Game developers are continuing to redefine what games can talk about, and I’m glad that they are. I hope games like Apartment and That Dragon, Cancer, continue to challenge what “games” can be.

These games, however, are about depression. That’s not what I want.

I want a warrior who struggles to find a reason to get out of bed in the morning.

I want a mage to have days where they go silent for hours at a time, and their companions know to let them come to when they’re ready.

I want a hero who, when asked how they are doing, replies honestly, candidly: “Like shit.” There’s no specific rhyme or reason. They’re fighting this battle every day, and some days are harder than others.

I want fantasy games like Dragon Age to have a companion who is regularly depressed, and not just because someone they loved died, or they had a shit childhood. I want a game where mental illness has nothing to do with their environment.

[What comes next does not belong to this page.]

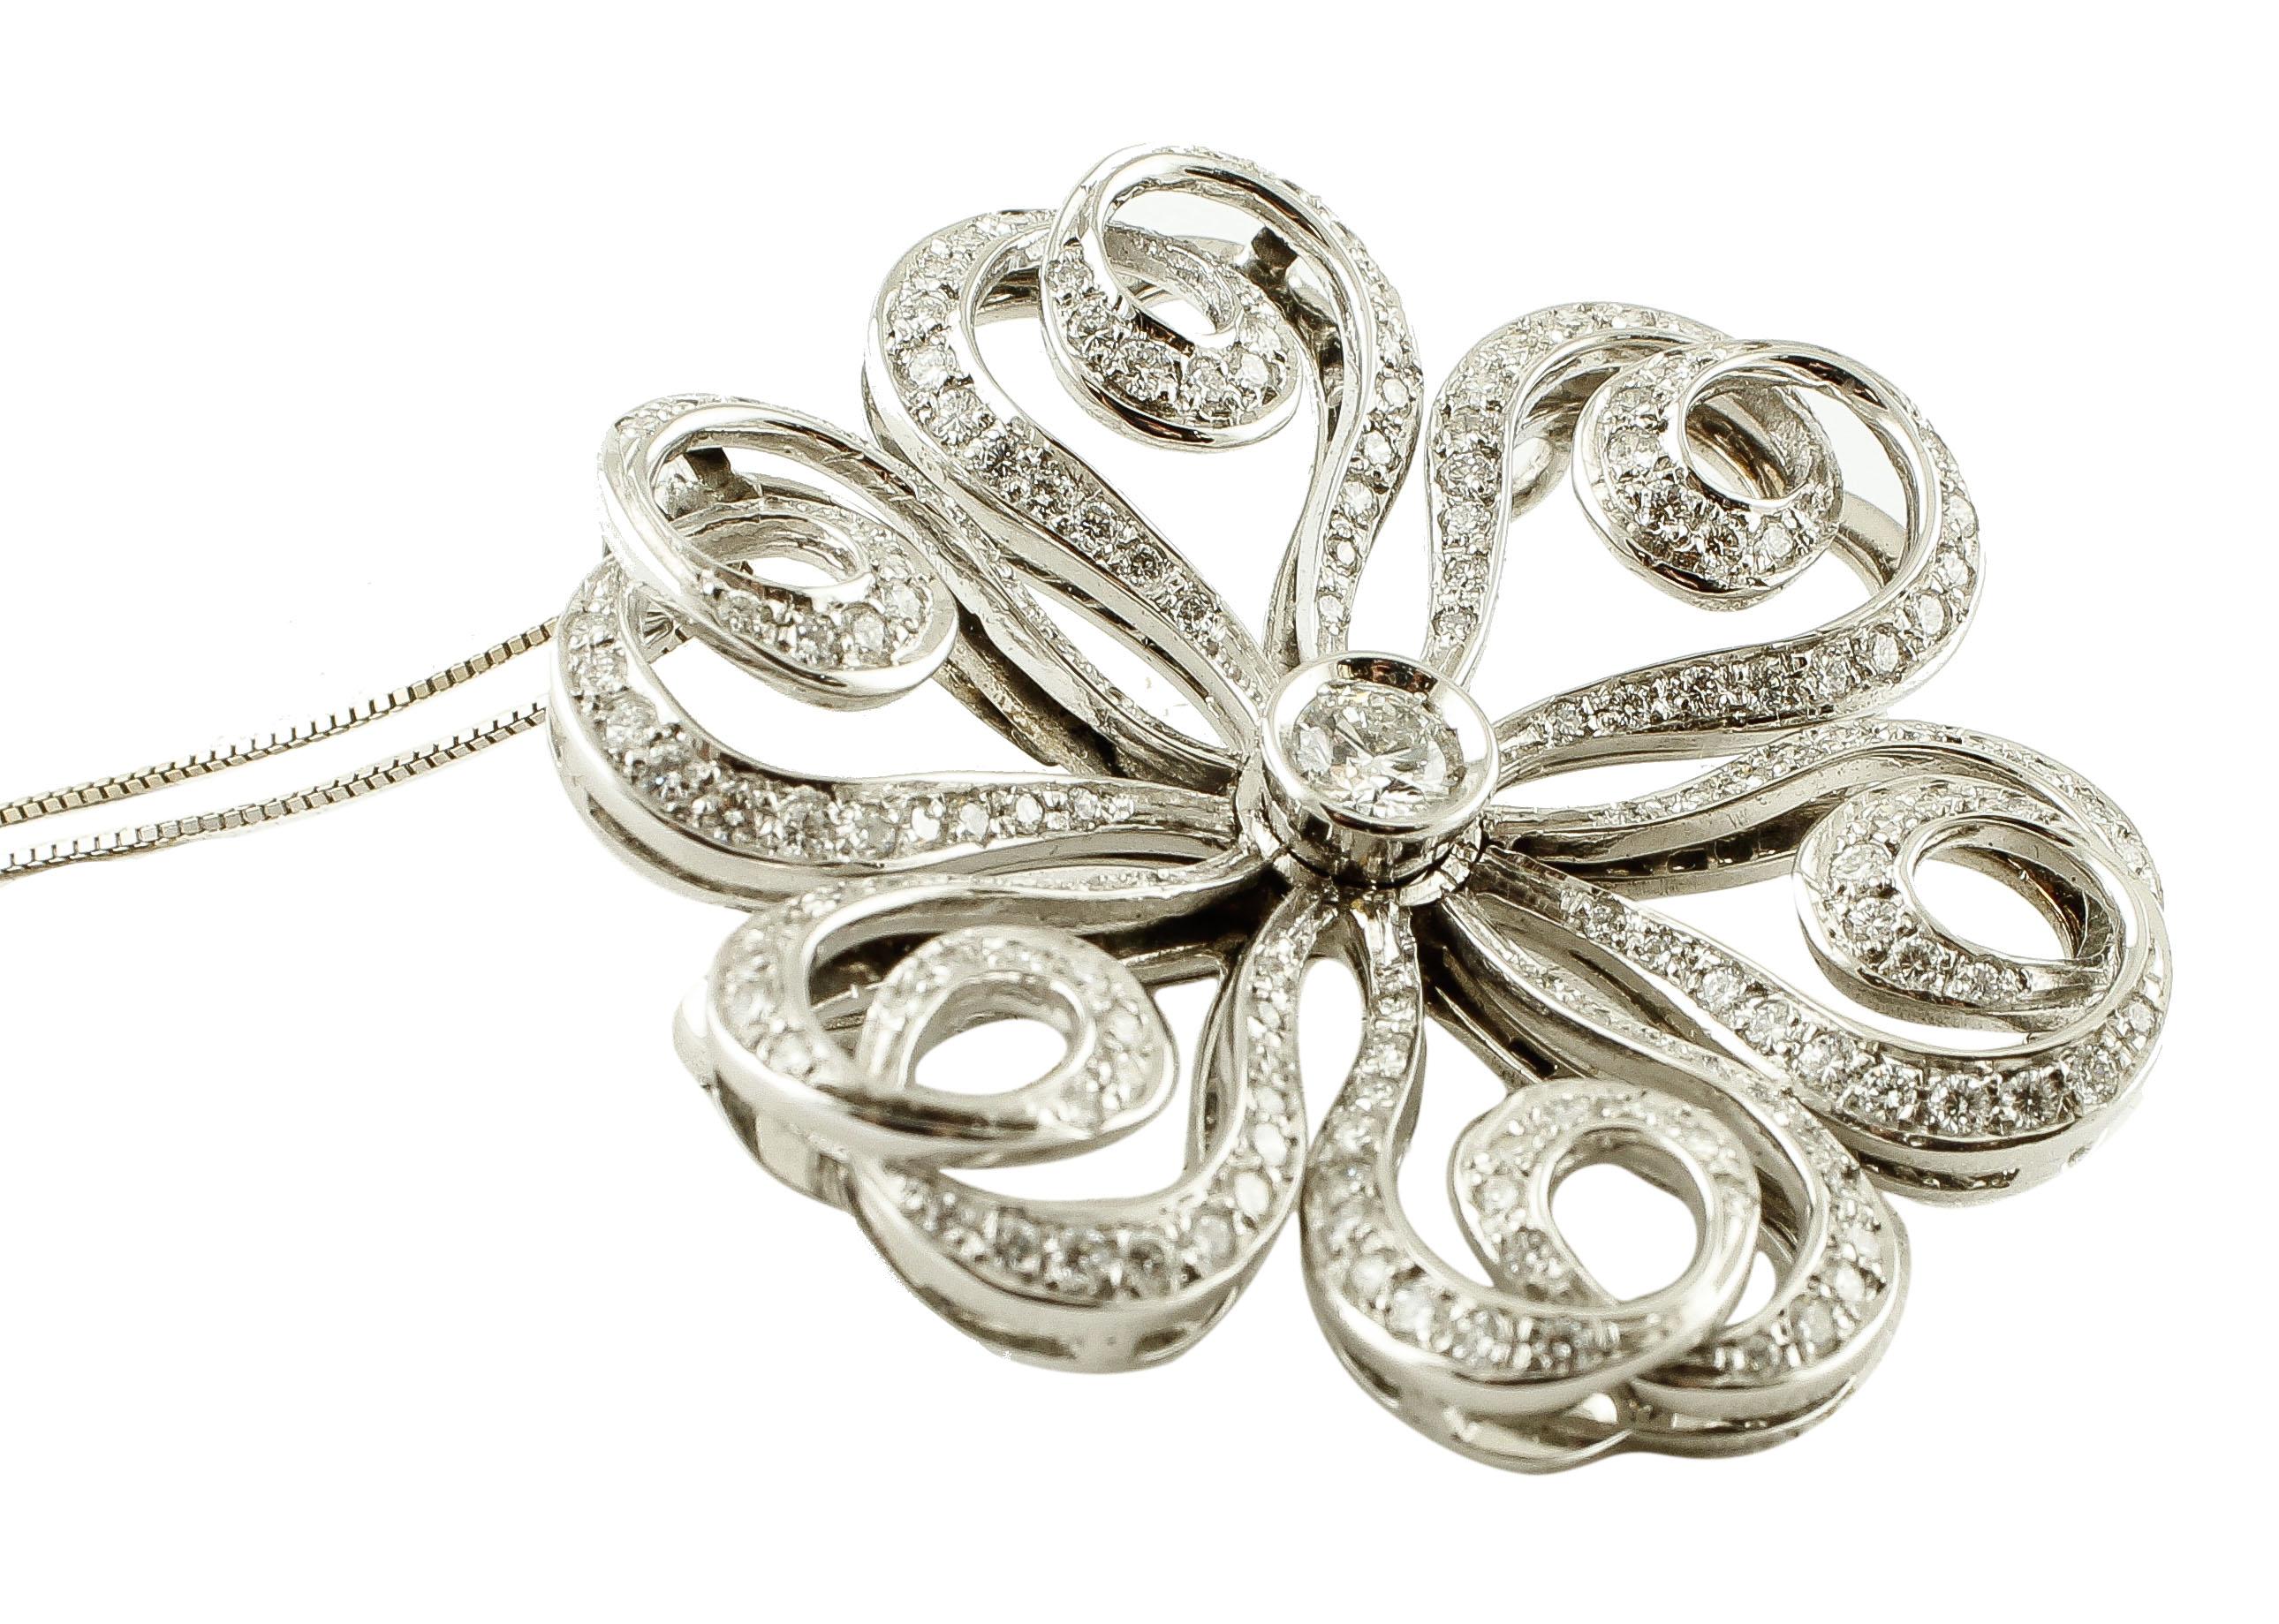 Brilliant Cut Diamonds and 18 Karat White Gold Flower Brooch 'Chain Not Included' For Sale

Depression isn’t the trophy you to get to prove your life is significantly worse than everyone else’s.

I want RPGs like Skyrim or Grand Theft Auto to have options in the character creating process that explore what it means to be depressed in a world that exists with or without you, much like the real world does.

I’m not saying there have never been depressed characters in games before, or characters who seem depressed. There are characters like Noctis from Final Fantasy XV, who spent part of the game mourning a lost loved one, or Cullen Rutherford who spent the better part of Dragon Age: Inquisition battling severe PTSD. Both of these story arcs go through a range of emotion and touch upon themes of depression, but they don’t quite address what it means to be depressed. And they don’t deal with what it means to be clinically depressed in an otherwise functioning world.

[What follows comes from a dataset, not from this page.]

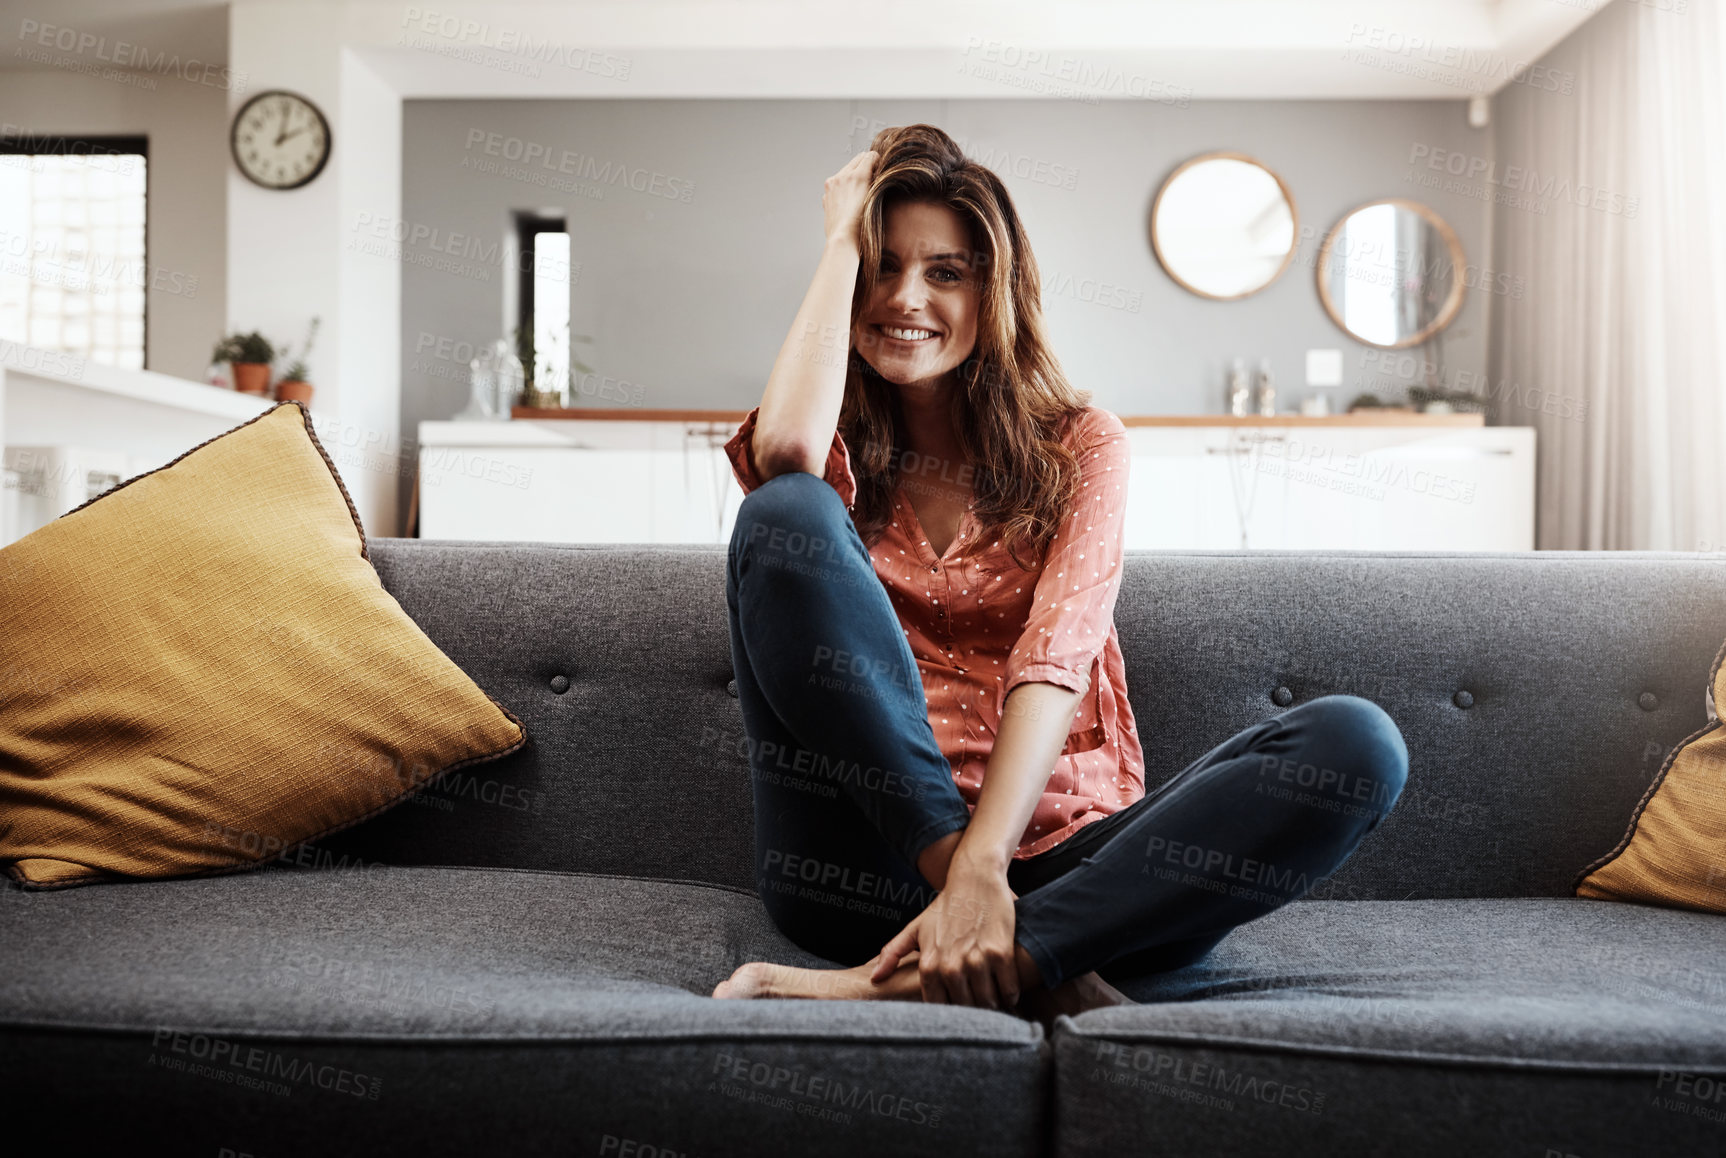 Buy stock photo Portrait of an attractive young woman relaxing on the sofa at home

I don’t know of a single game where depression is as normalized as having super powers, or being a mage, or a god-like warrior. I don’t know of a single game where a character explicitly states they suffer from mental illness.

Depression is not exclusive to tragic backstories.

When I first started to recognize I was depressed, I spiraled into this whirlpool of shame and guilt. I had no right to be depressed. Everything was fine. I had a family that loved me, a roof over my head and food in my fridge. Even when times were tough, and believe me, there were times where things were very, very tough, I tried to rationally tell myself that I still had all the things I needed, and that I had no right to be feel this way.

At the start of my spiral, I hadn’t gone through a major life crisis, or lost someone monumentally important to me, or anything that the narratives of current storytelling said gave me the qualification to be depressed.

Three years ago, I moved out of my parents house and to a new city, starting my journey towards my degree. This caused plenty of financial and emotional stress. I couldn’t pay tuition. I had no experience in journalism, and I couldn’t get the internships or jobs I needed to further my career. I couldn’t pay my bills. I could barely afford to get a coffee with friends.

I used to come home from my classes, sit on my bed, and stare at the wall until I fell asleep. There were days I could not function.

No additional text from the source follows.